Three things happen each tick:
processProvisioning— the actual work. Read below.verifyState— compare what the database says to what SPDK has, log drift. Drift is normal (it happens on restart when SPDK has lvols the database doesn't know about yet) but excessive drift is a bug.SaveConfig— write a JSON snapshot ofbdevandnvmfstate toSPDK_CONFIG_PATH. This is what makes the configuration survive an nvmf_tgt restart. The file is consumed by nvmf_tgt's-cflag at next startup.
processProvisioning — fetching the work
The first thing processProvisioning does is query
the database. The query: "give me all lvols in state
CREATING for this bare metal node." The result is
a slice of repository.LvolToProcess.
The loop is "fail-soft" — a failure on one lvol does not stop the rest. This is important because the work involves multiple JSON-RPC calls to a separate process (nvmf_tgt), and any one of them can fail transiently.
provisionLvol — the per-lvol driver
For each lvol, the work is a fixed sequence. The function
provisionLvol at
provisionLvol:74 is the orchestrator. It
doesn't do any SPDK work itself; it just calls the right
methods on spdkClient in the right order.
flowchart TB Start([Start: lvol in CREATING state]) --> Validate["Validate NQN, RDMA IP, port are set"] Validate --> EnsureReady["ensureNvmeofReady
(transport + subsystem + listener)"] EnsureReady --> BdevCreate["BdevLvolCreate
(creates the lvol)"] BdevCreate --> AddNs["NvmfSubsystemAddNs
(attaches lvol to subsystem)"] AddNs --> Finalize["FinalizeProvisioningForLvol
(mark lvol READY in DB)"] Finalize --> Done([End: lvol is READY])
fig. 1 The four steps. Each one is a single JSON-RPC
call. A failure in any one returns an error; the next tick
retries from the same place (the lvol is still in
CREATING).
The validation step is a guard. An lvol in CREATING
state without placement information is a corrupted record; we
refuse to touch it. The error is logged and the lvol stays in
CREATING for human inspection.
ensureNvmeofReady — transport, subsystem, listener
The ensureNvmeofReady function in
ensureNvmeofReady:13 is the
"idempotent setup" routine. It checks what's already in SPDK
and creates whatever's missing. The pattern: read state, do a
comparison, call the create only if needed.

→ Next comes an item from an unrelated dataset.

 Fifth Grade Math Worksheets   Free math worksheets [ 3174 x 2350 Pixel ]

The three things being ensured, in order:
An RDMA transport. The
nvmf_create_transportRPC creates the transport object inside the target. It's a one-time setup; once the transport exists, all subsystems can add listeners on it. The transport options (ioUnitSize = 16384,numShared = 1024,maxQueueDepth = 256, etc.) are tuned for diskengine's expected workload.A subsystem with the lvol's NQN. The
nvmf_create_subsystemRPC creates the subsystem and starts it. Note theAllowAnyHost: true— diskengine doesn't enforce host NQN allowlists at this layer; it relies on the orchestrator to place authorized hosts. Production deployments would set this tofalseand usenvmf_subsystem_add_hostexplicitly.A listener on the right address. The
nvmf_subsystem_add_listenerRPC, withtrtype = RDMA, the IP, and the port. This is what makes the subsystem actually reachable.
BdevLvolCreate → SPDK: rpc_bdev_lvol_create
With the subsystem ready, the next call creates the lvol on the lvstore. This is the call that produces the lvol bdev that the namespace will be attached to. The wrapper is at BdevLvolCreate:42 .

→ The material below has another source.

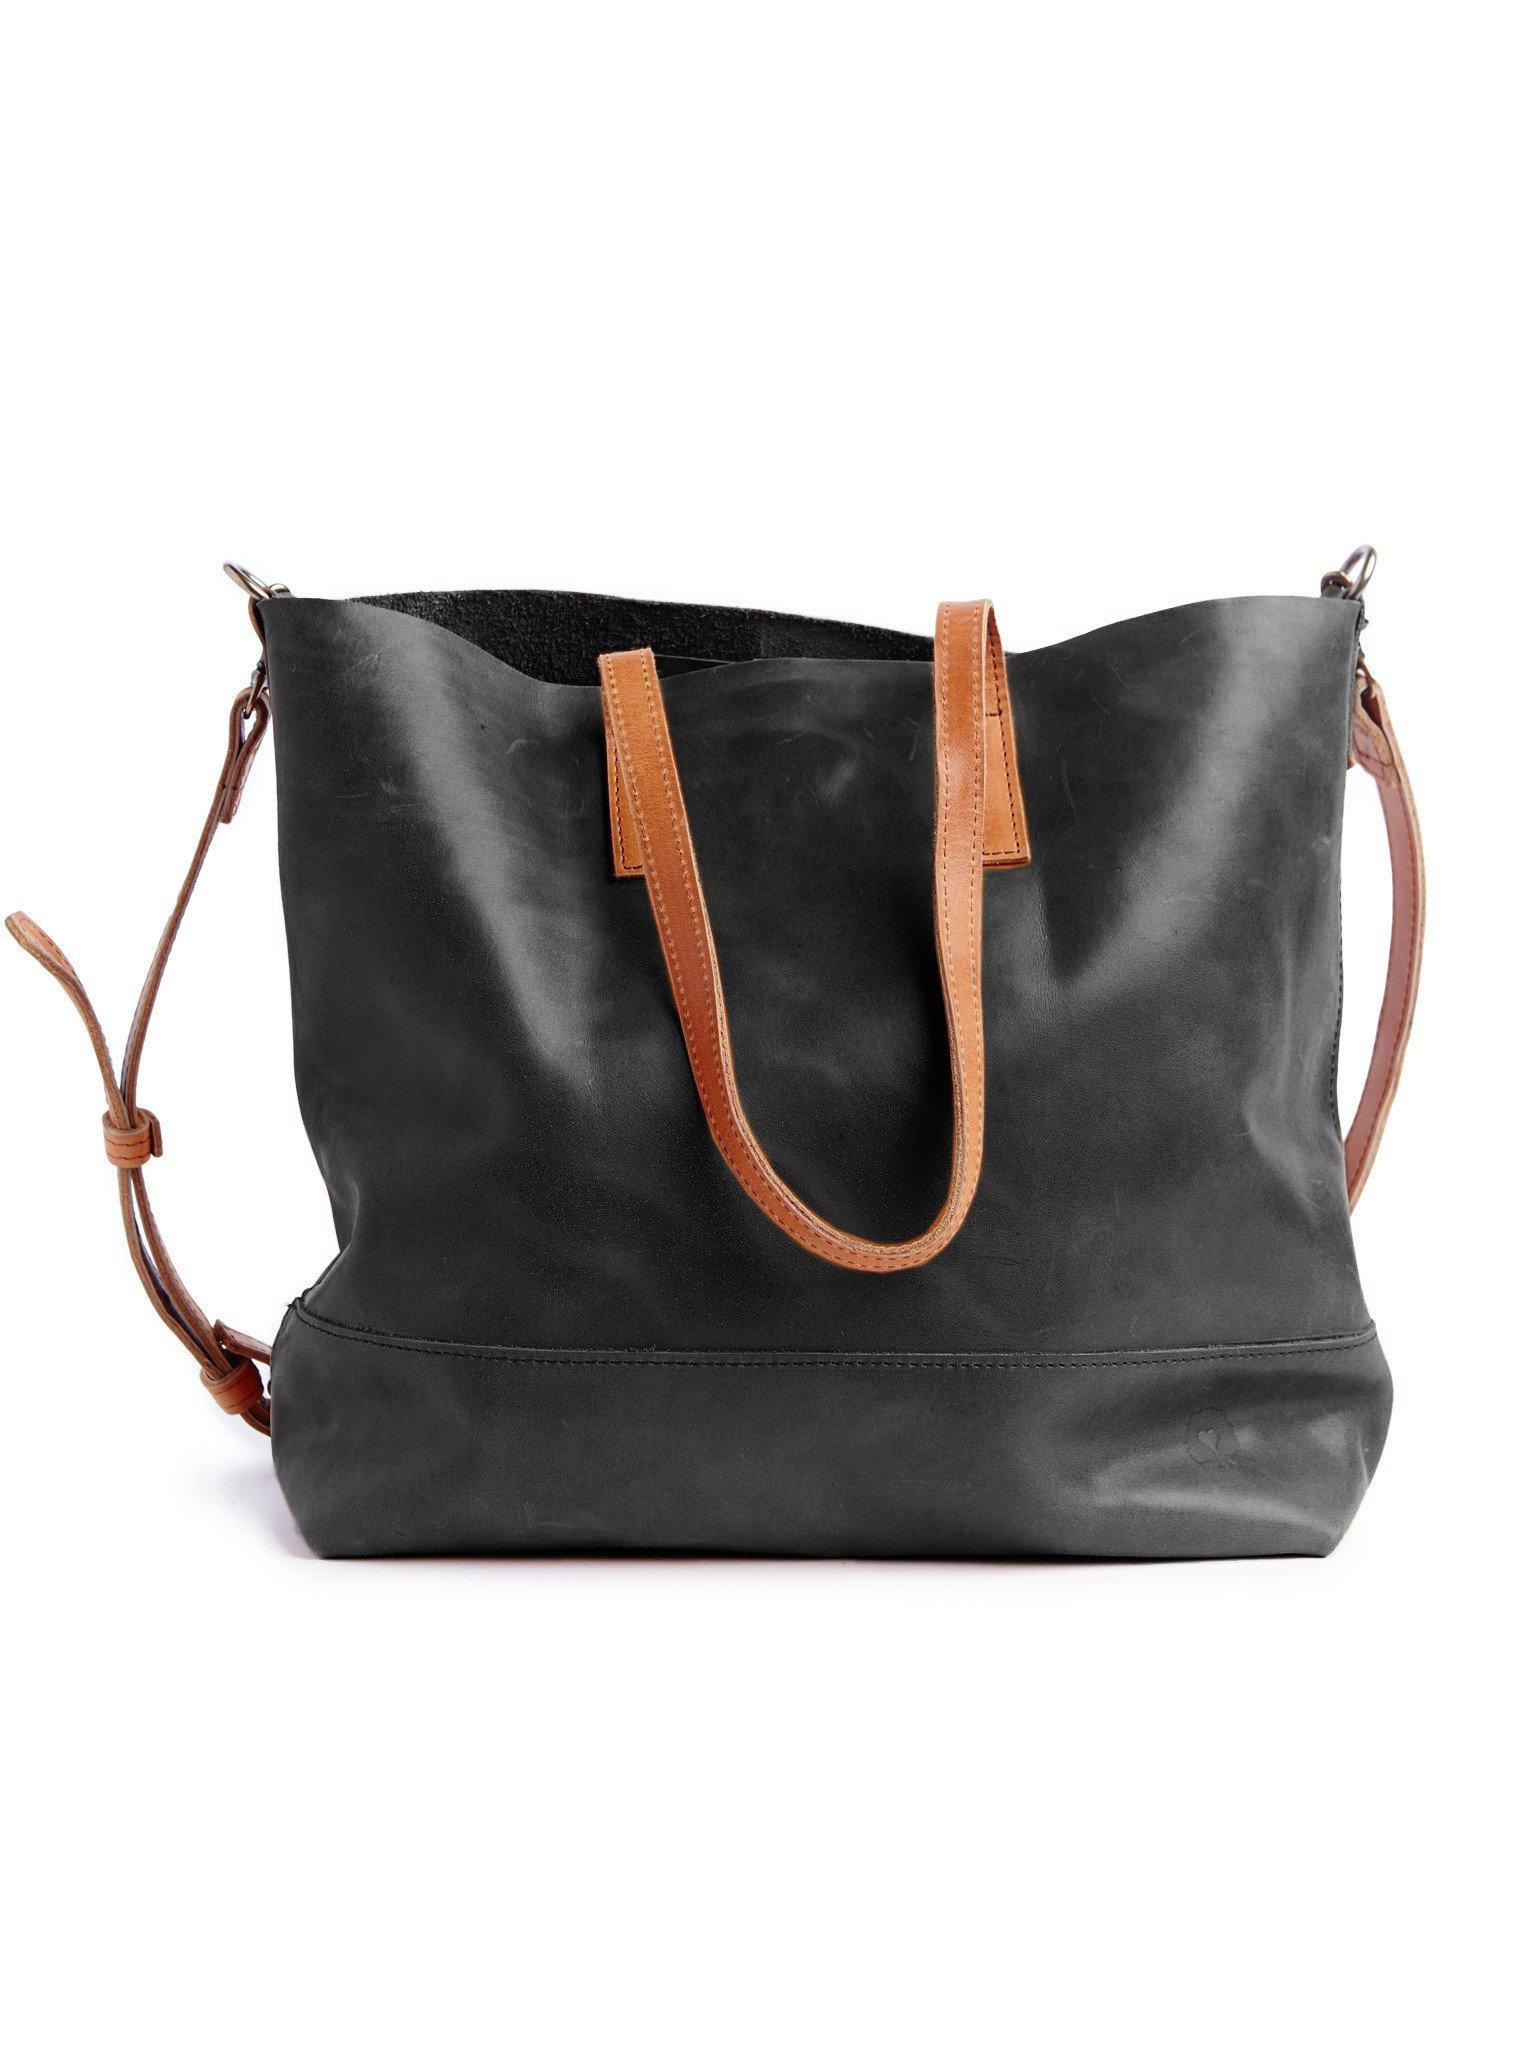 Fashionable Abera Tote  |$178

The call sends a JSON-RPC request over the Unix socket. The
request is a struct with the lvstore UUID, the lvol name
(a numeric ID, derived from lvol.LvolID), the
size in MiB, the clear method, and a thin-provisioning flag.
The transport is JSON over a Unix socket — see
3.1 for the wire
format details.
On the SPDK side, the RPC handler is
rpc_bdev_lvol_create in
lib/lvol/lvol_rpc.c:rpc_bdev_lvol_create .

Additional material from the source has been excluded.